What Governance Does
HREP is a reputation token with no token sale and no treasury backing. Governance power comes from earned HREP, and proposals execute through the governor and timelock.
- Upgrade or configure protocol contracts.
- Set round defaults and creator bounds.
- Route treasury spending, including ecosystem and partner activation grants.
- Revoke Voter IDs when there is hard evidence of abuse.
Proposal Lifecycle
| State | Meaning |
|---|---|
| Pending | Created and waiting for the voting delay. |
| Active | Voting is open: For, Against, or Abstain. |
| Queued | Passed and waiting in the timelock. |
| Executed | The change is live. |
Core Parameters
| Proposal threshold | 1,000 HREP |
| Voting delay | ~1 day |
| Voting period | ~1 week |
| Quorum | 4% of circulating supply (min 100,000 HREP) |
| Timelock delay | 2 days |
| Governance lock | 7 days after proposing or voting |
Round Settings Bounds
Question creators can choose round settings, but only inside governance-approved ranges.
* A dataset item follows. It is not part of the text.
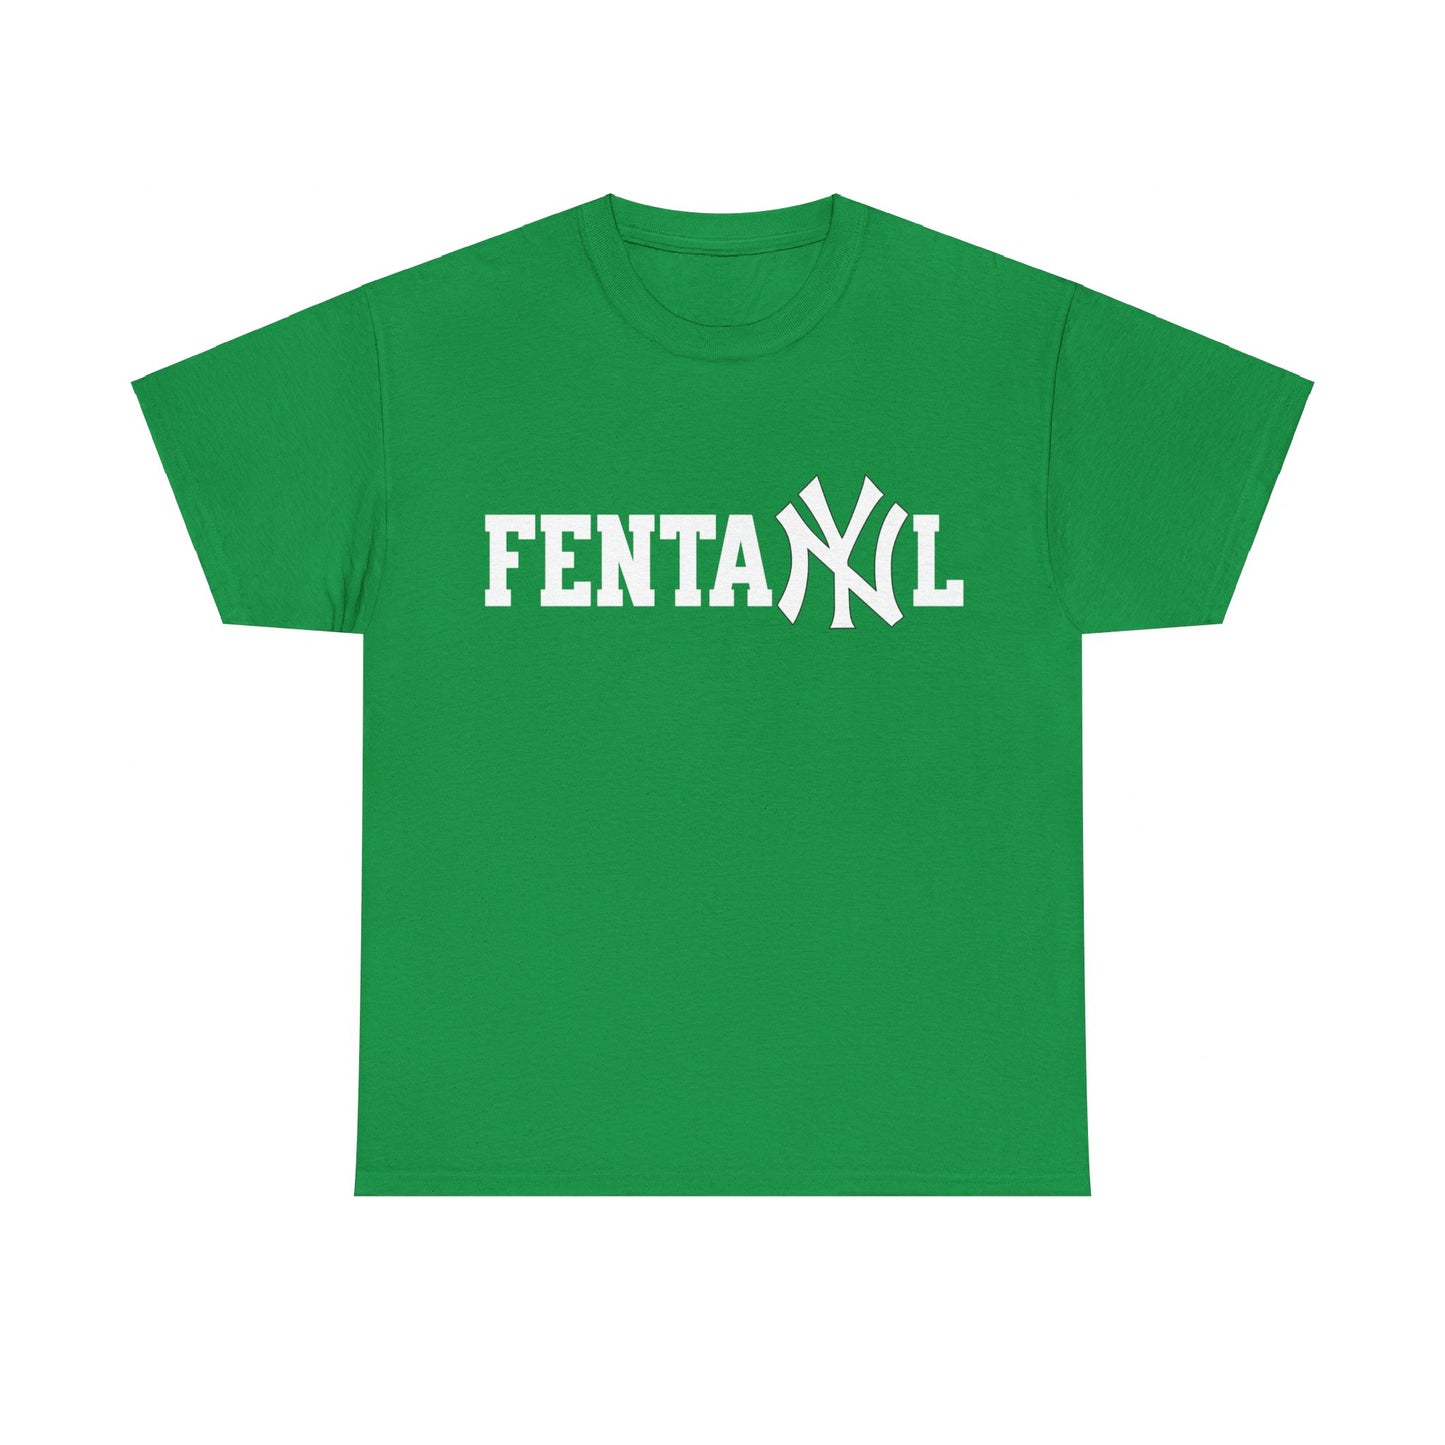 Dieses Shirt mit dem "FentaNYl" Aufdruck im NY Yankees-Stil ist der Hingucker für alle Meme-Fans! Das freche Design spielt auf den Opioid-Skandal an und sorgt garantiert für Aufmerksamkeit. Trage es zu Baseball-Games oder im Streetstyle. Perfektes Geschenk für New York Fans und Teenager

That lets urgent asks settle faster while broader questions can wait for more voters.
| Setting | Default | Creator bounds |
|---|---|---|
| Blind phase | 20 minutes | 5 minutes to 1 hour |
| Max duration | 7 days | 1 hour to 30 days |
| Settlement voters | 3 | 2 to 100 |
| Voter cap | 200 | 2 to 10,000 |
Treasury
The treasury starts with 32M HREP under governor/timelock control. Ongoing inflows include the treasury share of contested losing pools, withdrawal fees, and forfeited unrevealed votes. Spending follows the same proposal and timelock path as upgrades.
Treasury grants can support work that grows the Curyo feedback network: partner activation, integrations, research and data projects, community growth, protocol development, and security or whistleblower rewards. Because HREP also carries governance power, grant proposals should explain the recipient, purpose, amount, expected impact, and any milestone or reporting expectations.
Safety Powers
Governance can use public on-chain evidence to respond to collusion, repeated unrevealed commitments, or other behavior that damages the feedback signal. The main enforcement tool is Voter ID revocation through a normal proposal.
These controls are implementation safeguards. The product goal stays narrower: make it easy for agents and apps to buy verified human feedback and read the result.
Protocol Evolution
Curyo is expected to evolve over time. The protocol operates in a fast-changing environment, especially as AI systems become more capable and as new smart-contract, wallet, identity, and coordination vulnerabilities are discovered. Governance was integrated from the start so the community can adapt protocol parameters, contracts, treasury routing, and safety rules without treating the first deployment as the final design forever.
In early protocol phases, some changes may be better handled through a transparent migration instead of an in-place upgrade. When that is necessary, the community can take a public snapshot of the current token allocation and redeploy updated contracts so balances, earned reputation, and protocol state can be carried forward while the implementation stays current. Any such migration should be documented, reviewable, and aligned with the same governance principles that control upgrades and configuration changes.